═════ INFORMATION SUPPLIED ═════

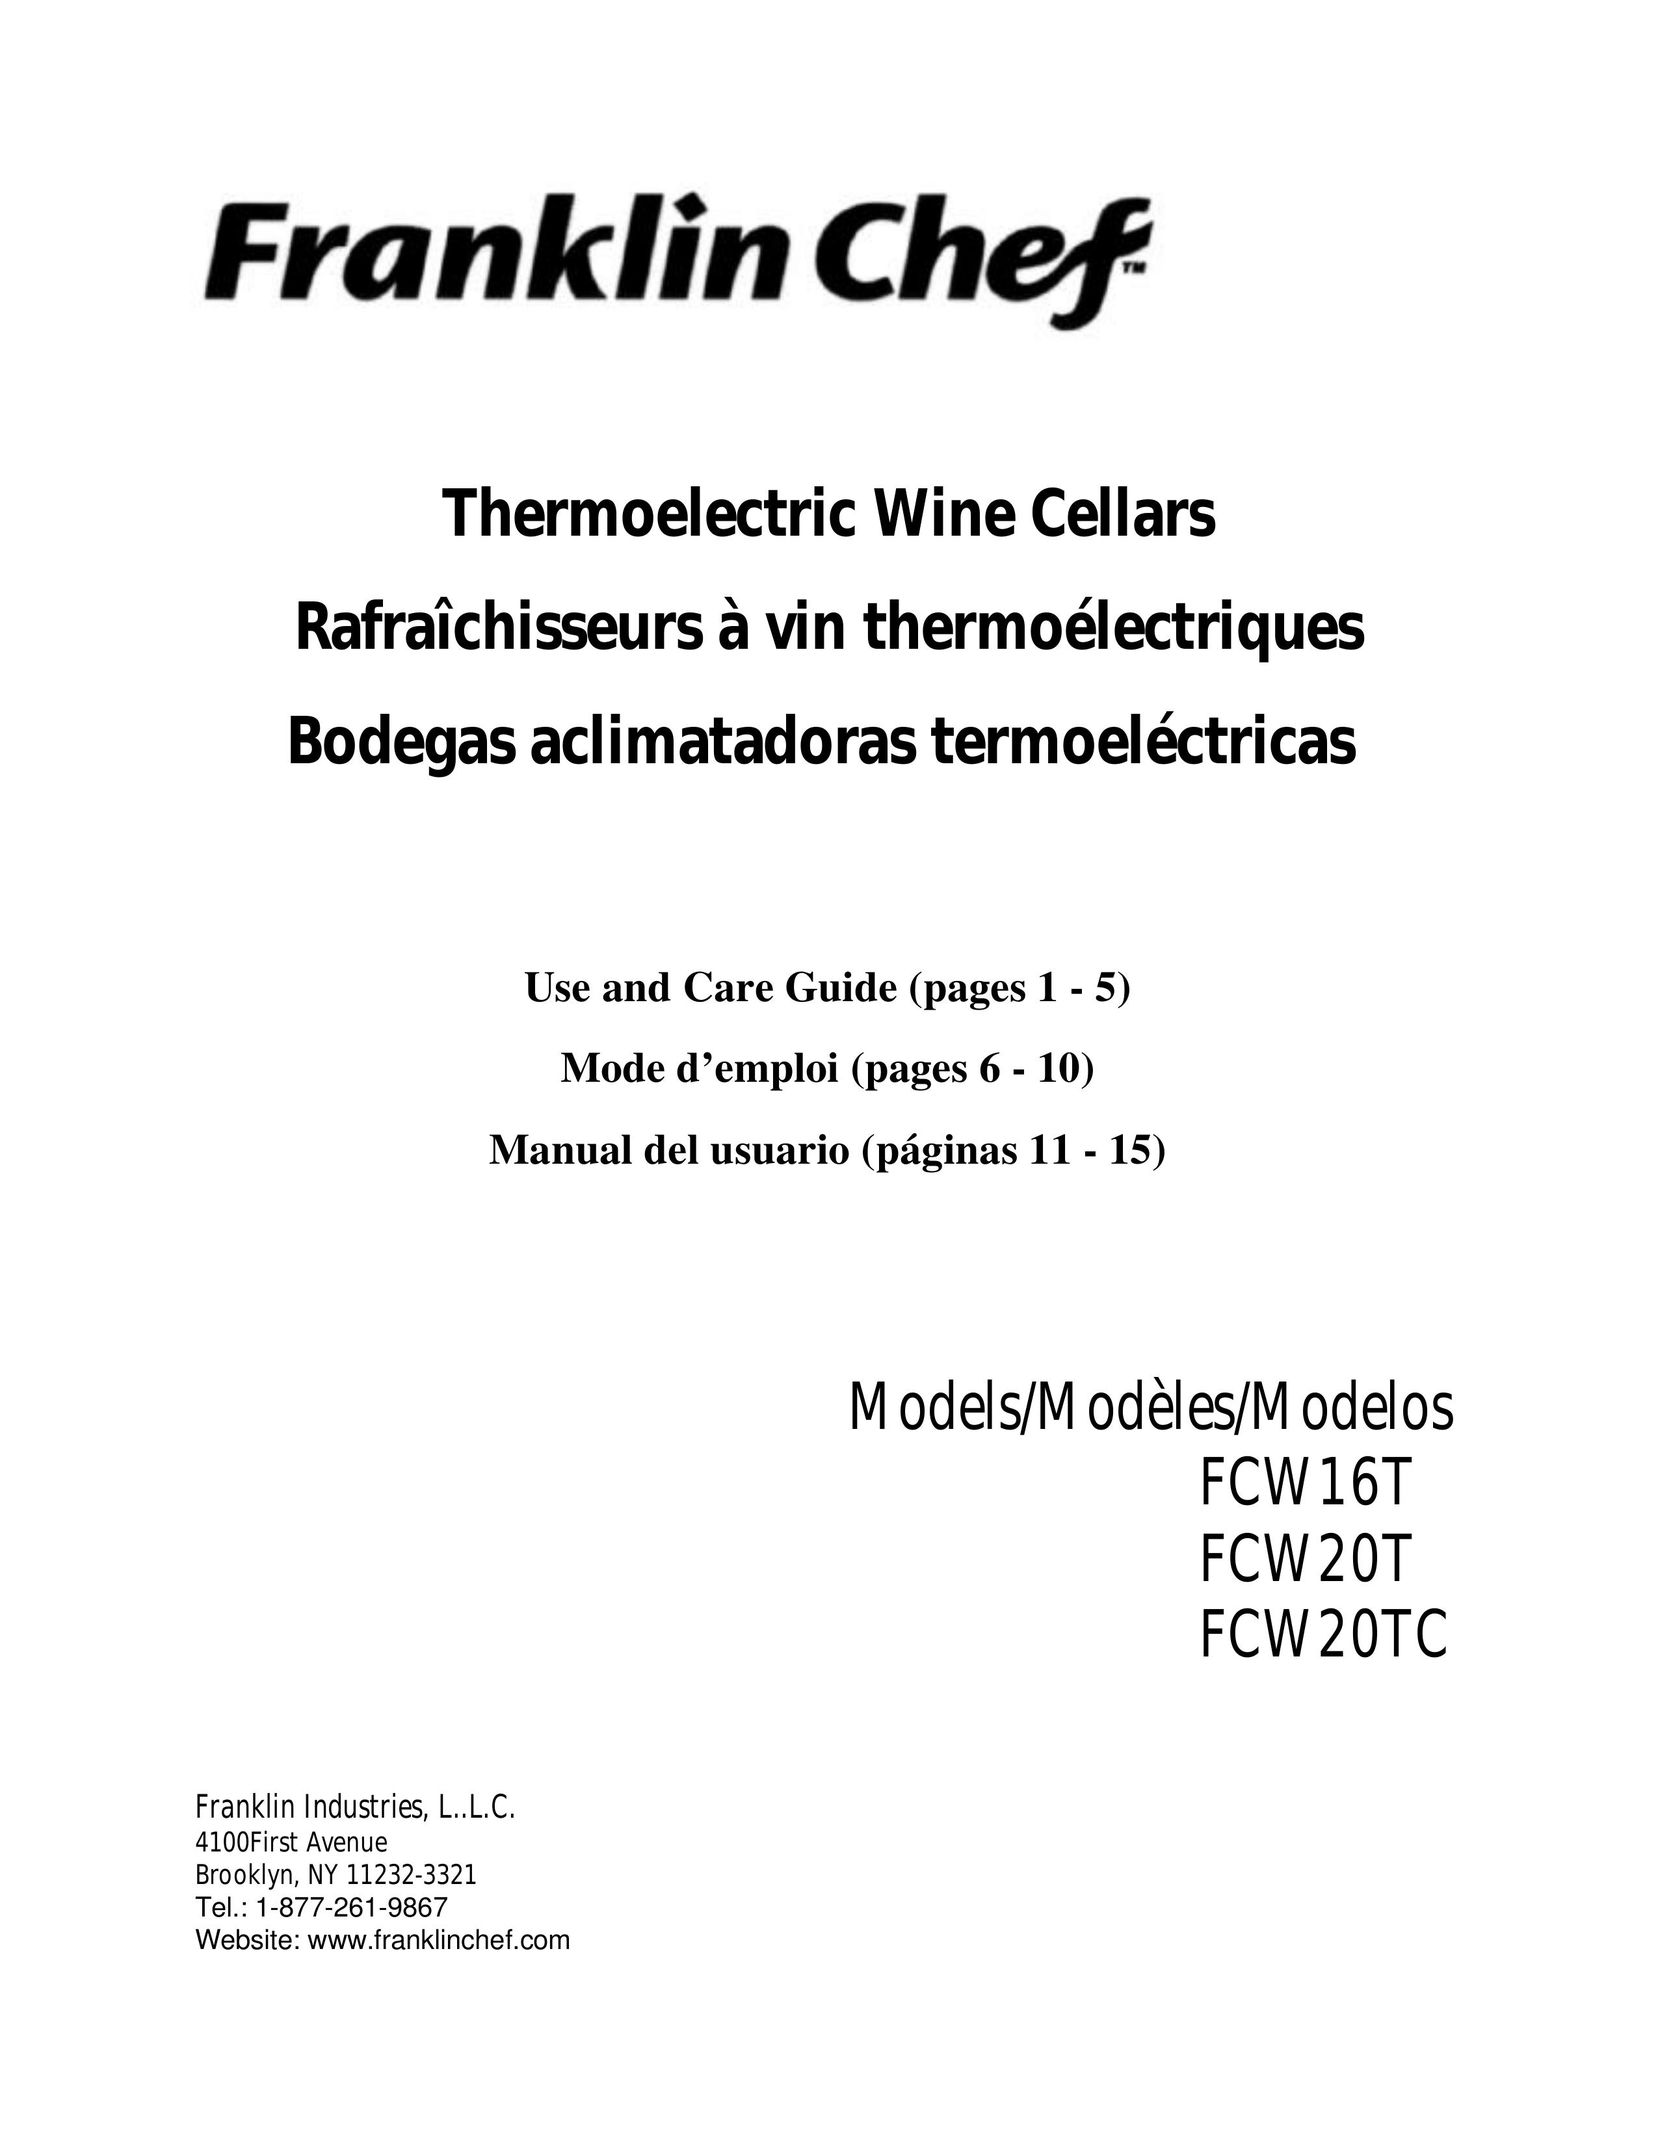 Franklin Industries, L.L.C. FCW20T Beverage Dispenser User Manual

═════
═════ INFORMATION SUPPLIED ═════

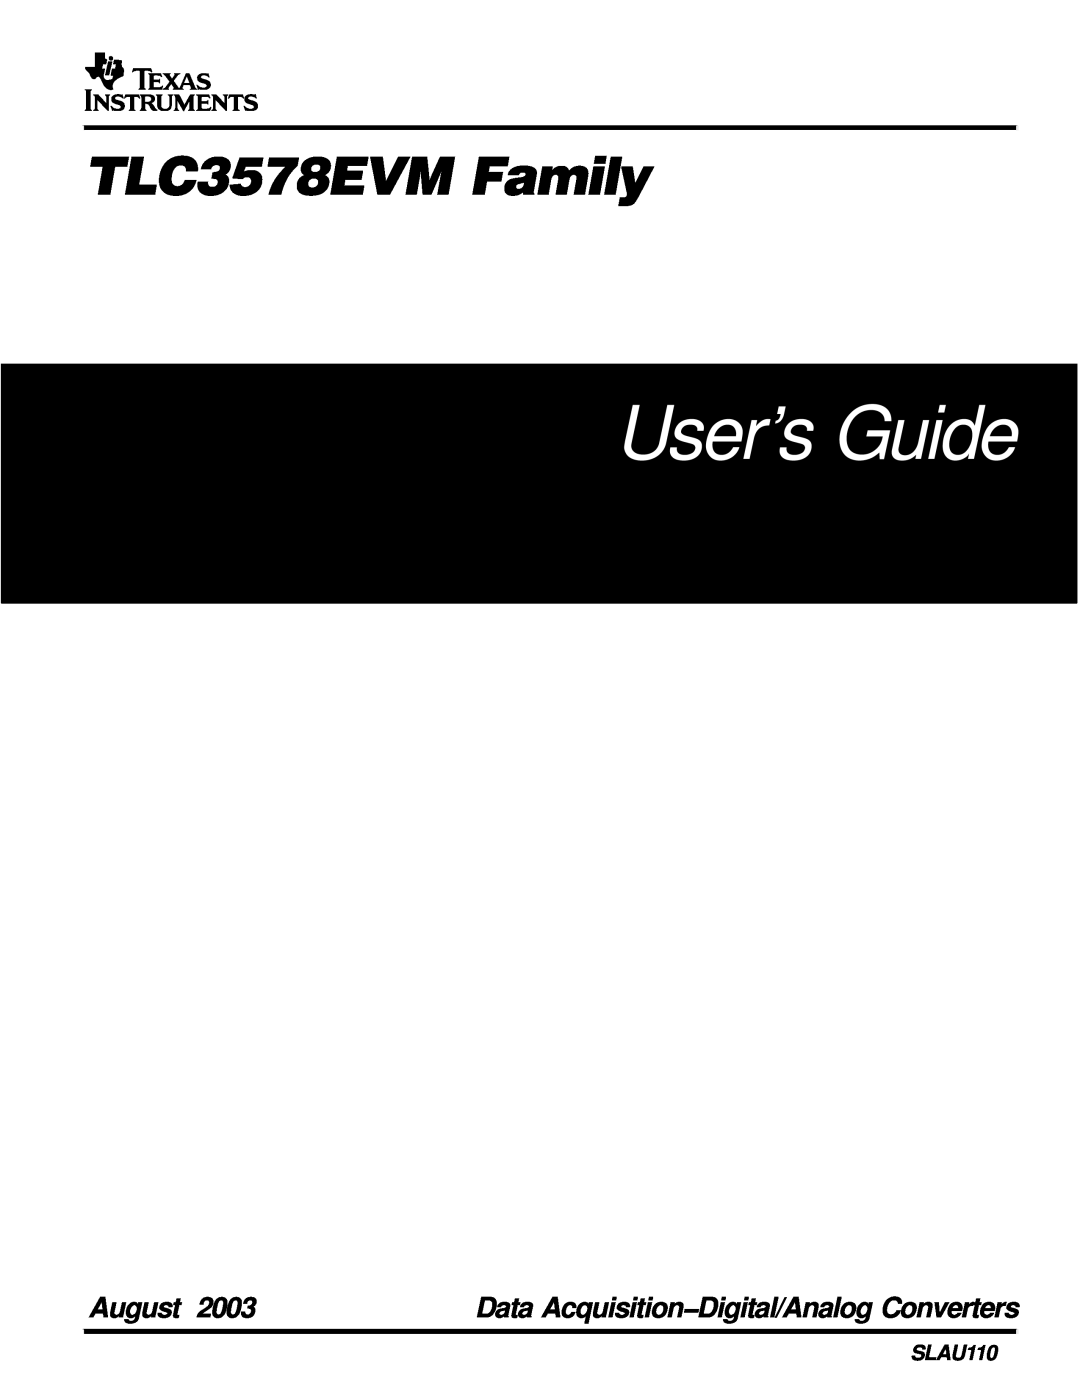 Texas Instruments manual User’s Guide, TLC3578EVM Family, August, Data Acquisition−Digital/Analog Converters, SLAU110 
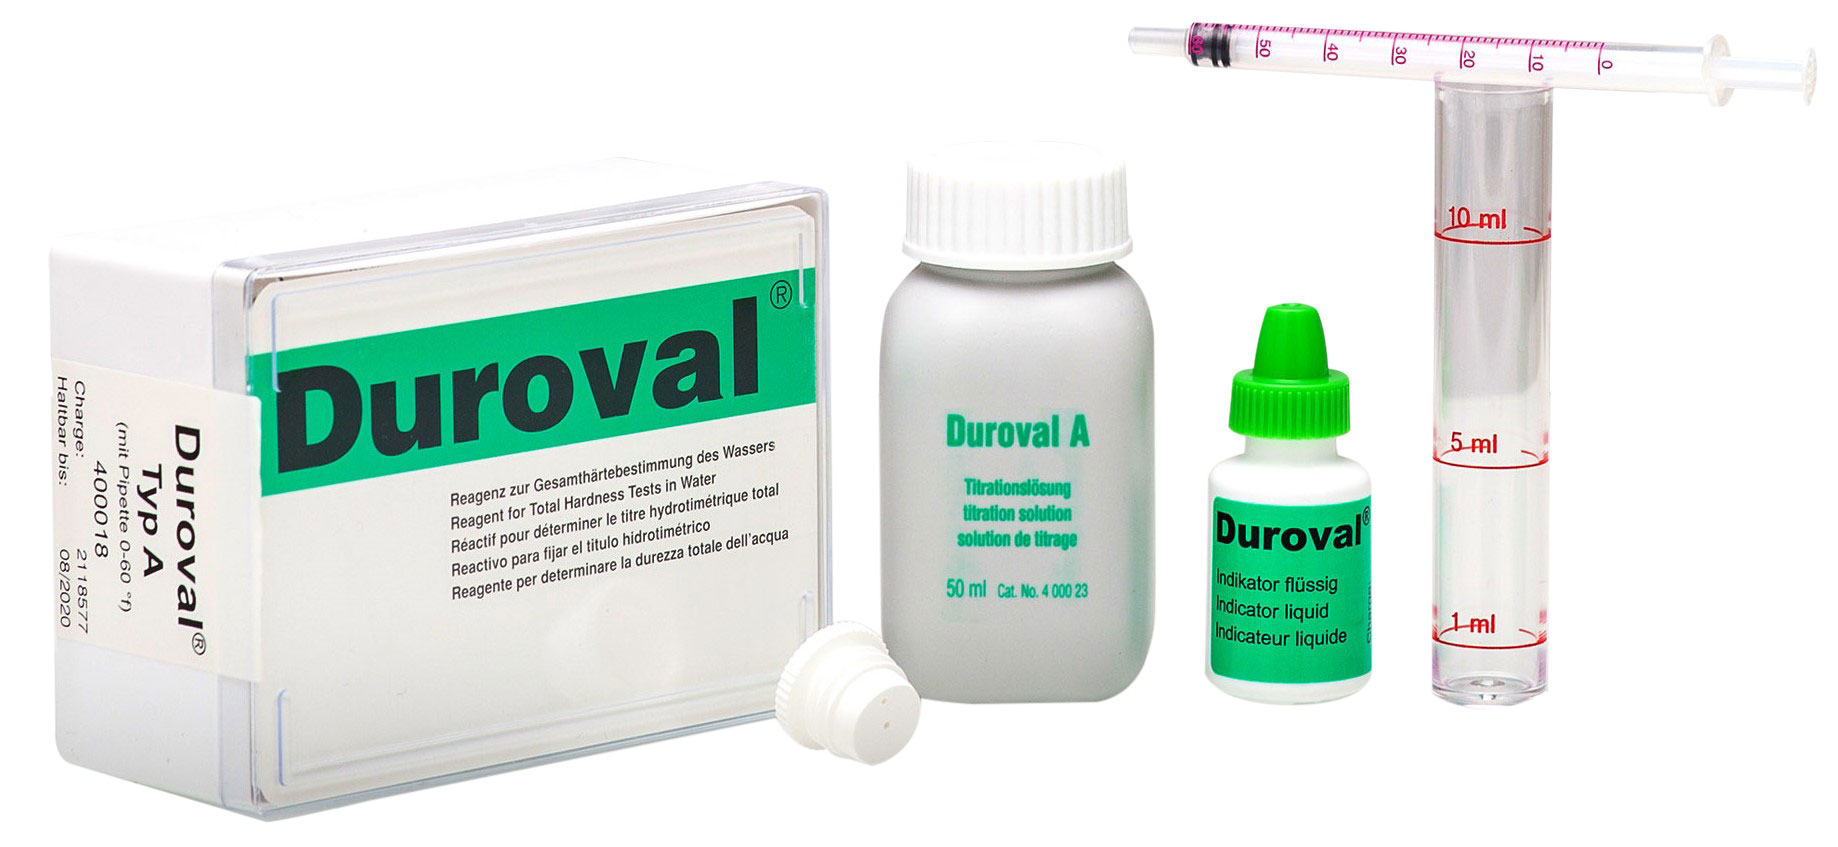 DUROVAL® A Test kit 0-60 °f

═════
═════ INFORMATION SUPPLIED ═════

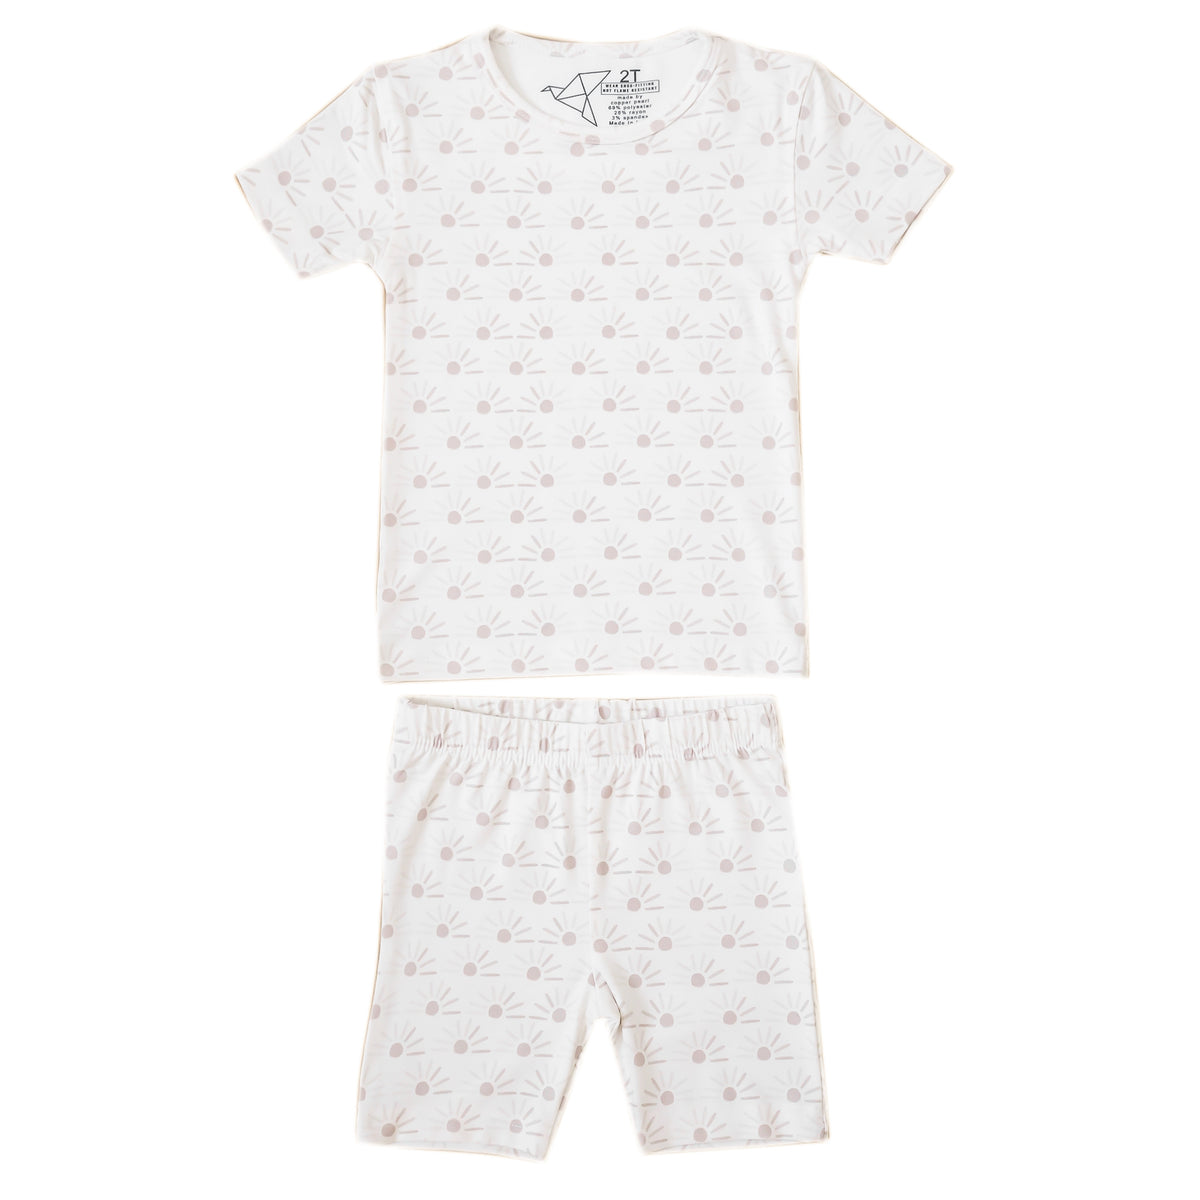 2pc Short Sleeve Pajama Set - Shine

═════

WHAT YOU ARE ASKED TO DO: Copy word for word the span of the records above that begins at the line with "Texas Instruments manual" and ends at the line with "DUROVAL® A Test kit 0-60 °f", including those two lines but not the pictures.

WRITTEN REPLY:
 Texas Instruments manual User’s Guide, TLC3578EVM Family, August, Data Acquisition−Digital/Analog Converters, SLAU110 
 DUROVAL® A Test kit 0-60 °f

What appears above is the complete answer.